Assets at stake amount to roughly one-fourth of U.S. gross domestic product. The number could swell to nearly $14 trillion if the Earth’s temperatures warm by a staggering 6 degrees Celsius (10.8 degrees Fahrenheit) compared to the pre-industrial era. From the public-sector perspective, extreme warming represents value losses of $43 trillion, or 30 percent of the entire stock of the world’s manageable assets, the report said.
“Institutional investors need to assess their climate-related risks and take steps to mitigate them; very few have begun to do this,” the report said.
Climate scientists say the world is on track to warm by at least 2 degrees Celsius (3.2 degrees Fahrenheit) by 2050 if countries don’t take dramatic steps to reduce greenhouse gas emissions from power plants, tailpipes and buildings. Even lesser degrees of warming will have dire consequences for the world’s food supplies, coastal communities and human health.
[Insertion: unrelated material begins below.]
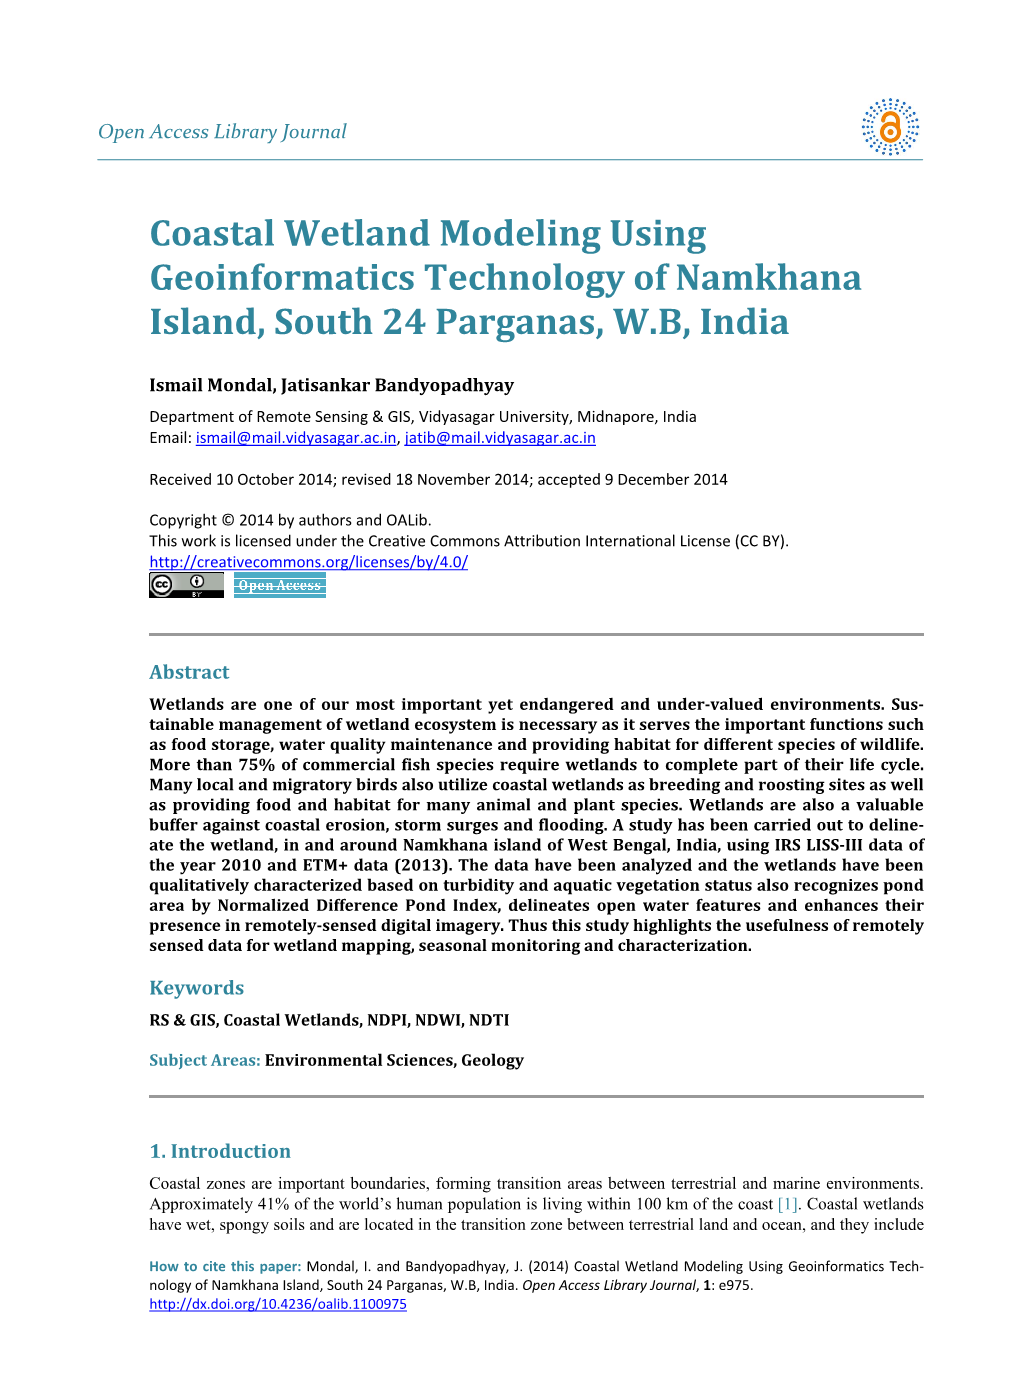 Coastal Wetland Modeling Using Geoinformatics Technology of Namkhana Island, South 24 Parganas, W.B, India

The report arrives as leaders from nearly 200 nations are preparing for high-stakes climate change talks in Paris this December. Governments have agreed to forge a pact to slash their greenhouse gas emissions and help poorer nations adapt to climate impacts. But the emissions targets announced by countries so far suggest the treaty won’t be strong enough to make a meaningful dent in climate emissions.
“Investors currently face a stark choice,” said the report's editor, Brian Gardner, said in a statement.
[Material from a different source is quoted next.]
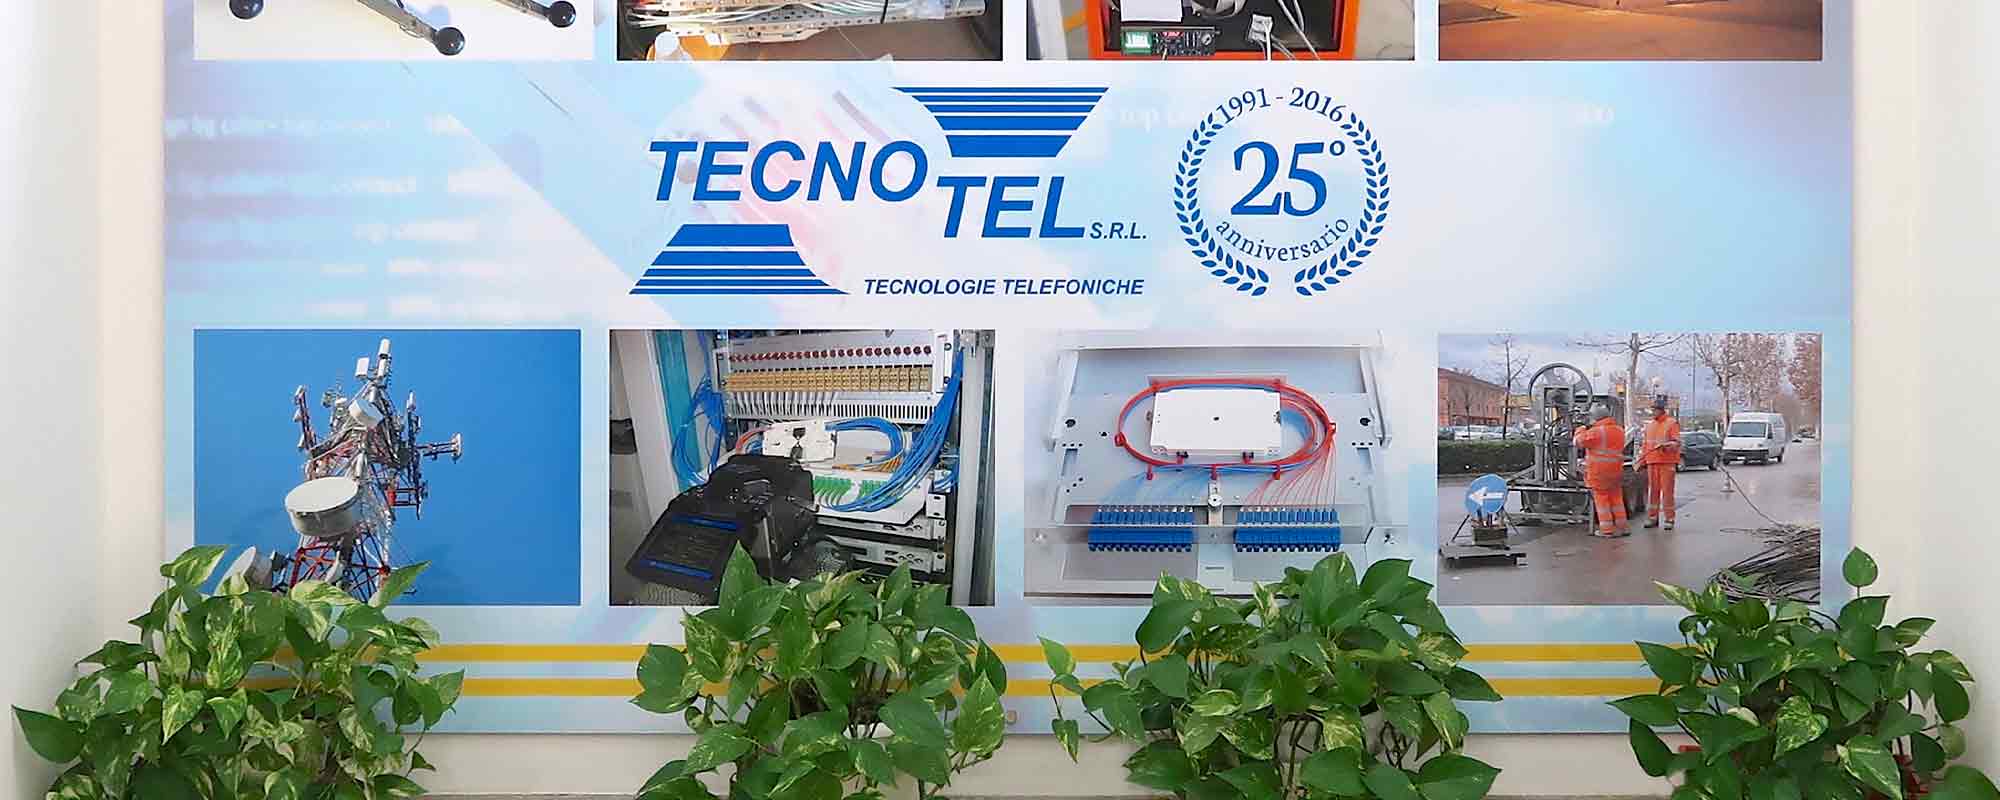 Dal 1991, tecnologie, prodotti e servizi per le telecomunicazioni

Investors in fossil-fuel companies may see the value of their holdings decline if governments adopt strict limits on carbon dioxide emissions. But absent such regulations, investors could face “substantial losses across the entire portfolio of manageable assets” if little is done to limit global warming, Gardner said.
“Charting a path away from these two options should be a strong motivation for long-term investors to engage with companies in their portfolios and to shift investments towards a profitable, low-carbon future,” he said.